During 2024, the Weh laboratory tested two additional candidate compounds for retinal toxicity.  They did not find any evidence of toxicity to retinal structure or function, confirming previous data that TgCPL inhibitors are non-toxic to the retina. Pharmacokinetic experiments found TgCPL inhibitors present in the retina 7 days following a single IVT injection with TJB-3-64 at a therapeutic concentration. the team tested the efficacy of TJB-3-64 following two intravitreal doses, however no significant decrease in parasite burden was found. They then injected TJB-3-64 at 100x the previous dose into the eye, finding no evidence of retinal toxicity, but the pharmacokinetic analysis showed extremely rapid clearance, suggestingTJB-3 64 may be crossing the blood-retina barrier. Systemic administration confirmed the ability for this compound to cross the blood-retina and blood-brain barriers.

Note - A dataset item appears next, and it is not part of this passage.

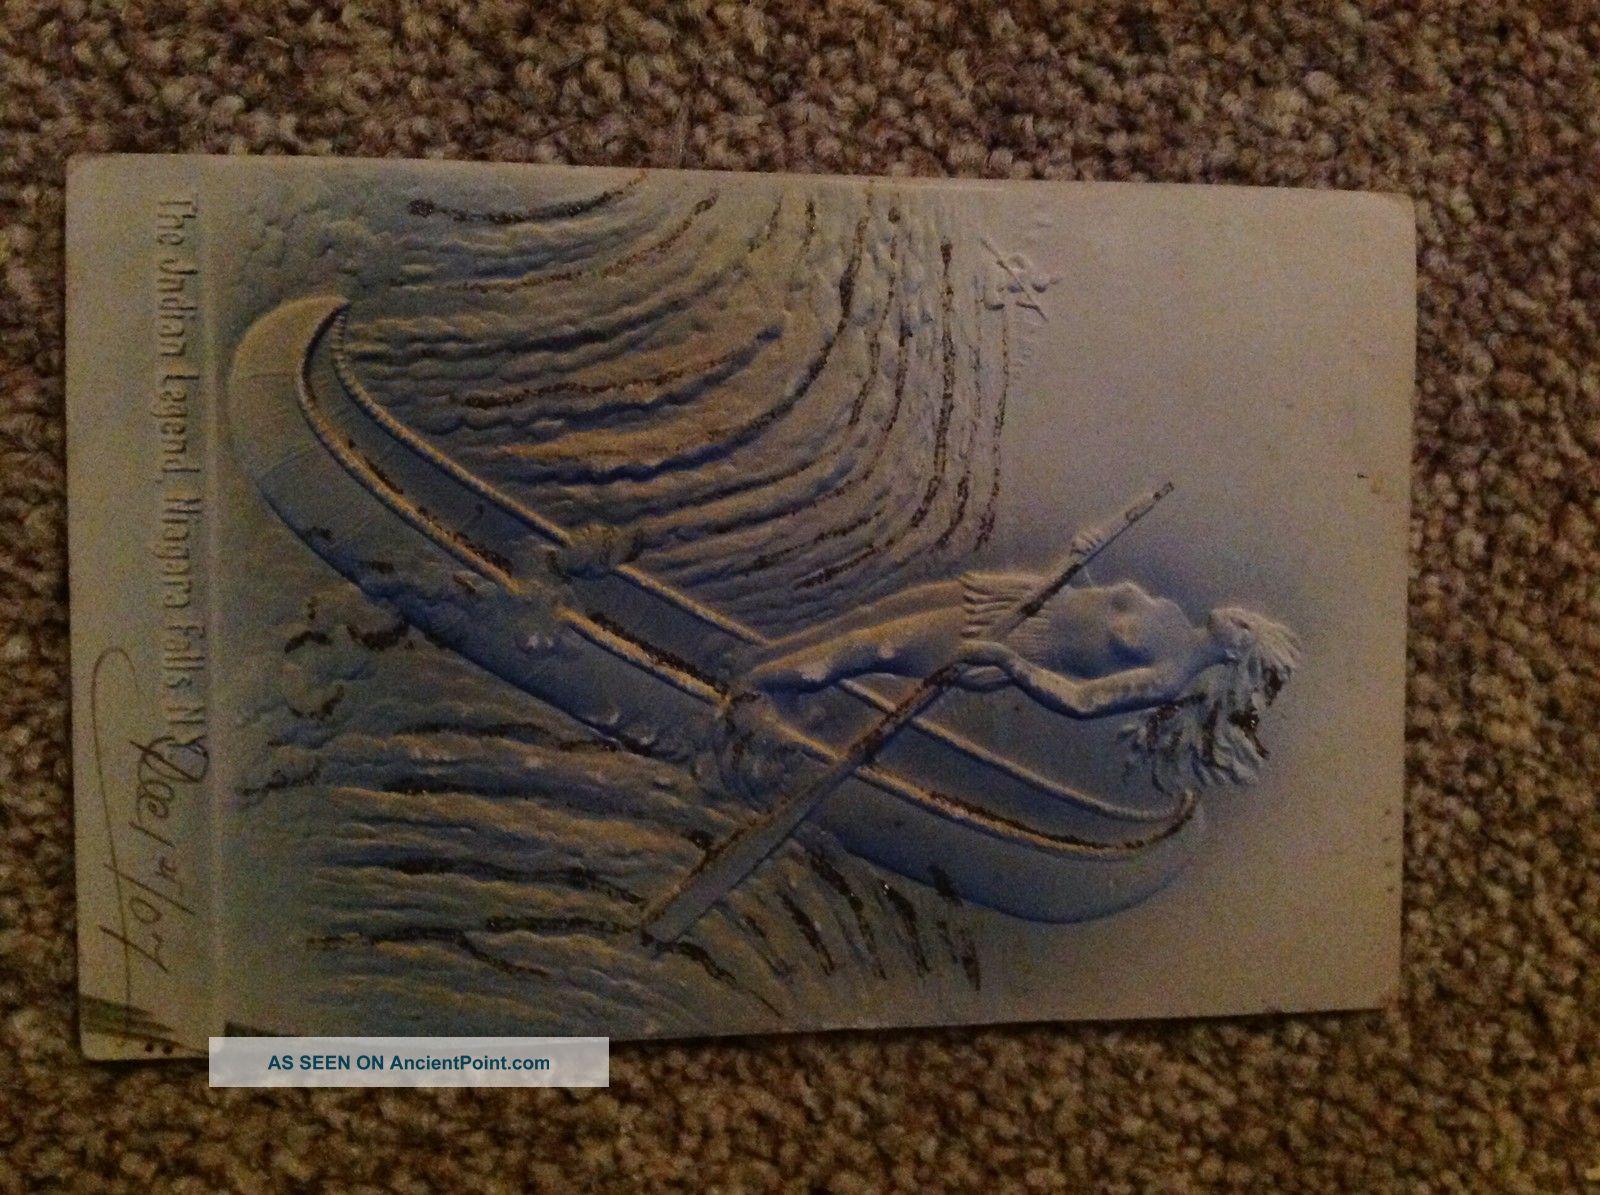 Antique Native American Postcard,  The Indian Legend,  Niagara Falls,  1907. Native American photo

During 2024, the lab focused more on compounds that have higher selectivity for the parasite enzyme over the human form of the enzyme. The data from Triazine-3 suggest that this selectivity may be the key to specifically targeting and killing toxoplasma parasites. Dr. Weh also investigated the pharmacokinetic properties of these compounds to identify candidates that remain within the eye for longer periods of time. Additionally, by using a renewed strain of parasite, the lab team is able to induce a higher intraocular parasite burden, making the detection of even a small decrease in parasites following drug treatment more effective.

Specific Aims:
Aim 1. Assess safety and intraocular duration of novel TgCPL lead compounds when delivered directly to the retina. Dr. Weh will deliver TgCPL lead-compounds directly to the retina using intravitreal (IVT) injection and assess the overall toxicity and length of time these compounds remain in the retina.
Aim 2. Evaluate the efficacy of novel TgCPL inhibitors in a model of chronic ocular toxoplasmosis. Mice experiencing chronic Tg infection will be treated with highly selective TgCPL inhibitors via IVT dose to eliminate chronic stage parasites from the retina.

Progress in 2023

Dr. Weh’s laboratory team was able to test for toxicity of an additional candidate compound (Triazine-3). This compound was also found to have no significant effect on retinal health or function following a single intravitreal dose. They tested the efficacy of Clindamycin and LHVS following a single intravitreal dose; however, could not detect any significant decrease in parasite burden. A pharmacokinetic study found that LHVS is rapidly cleared from the eye and is undetectable by 24 hours after injection.  The team performed a new efficacy study (LHVS and Trizaine-3) using 2 IVT doses one week apart. Again, no significant decrease in parasite numbers was found; however, there is trend towards a decrease in parasite numbers with Triazine-3, suggesting that selectivity for the parasite enzyme may be important.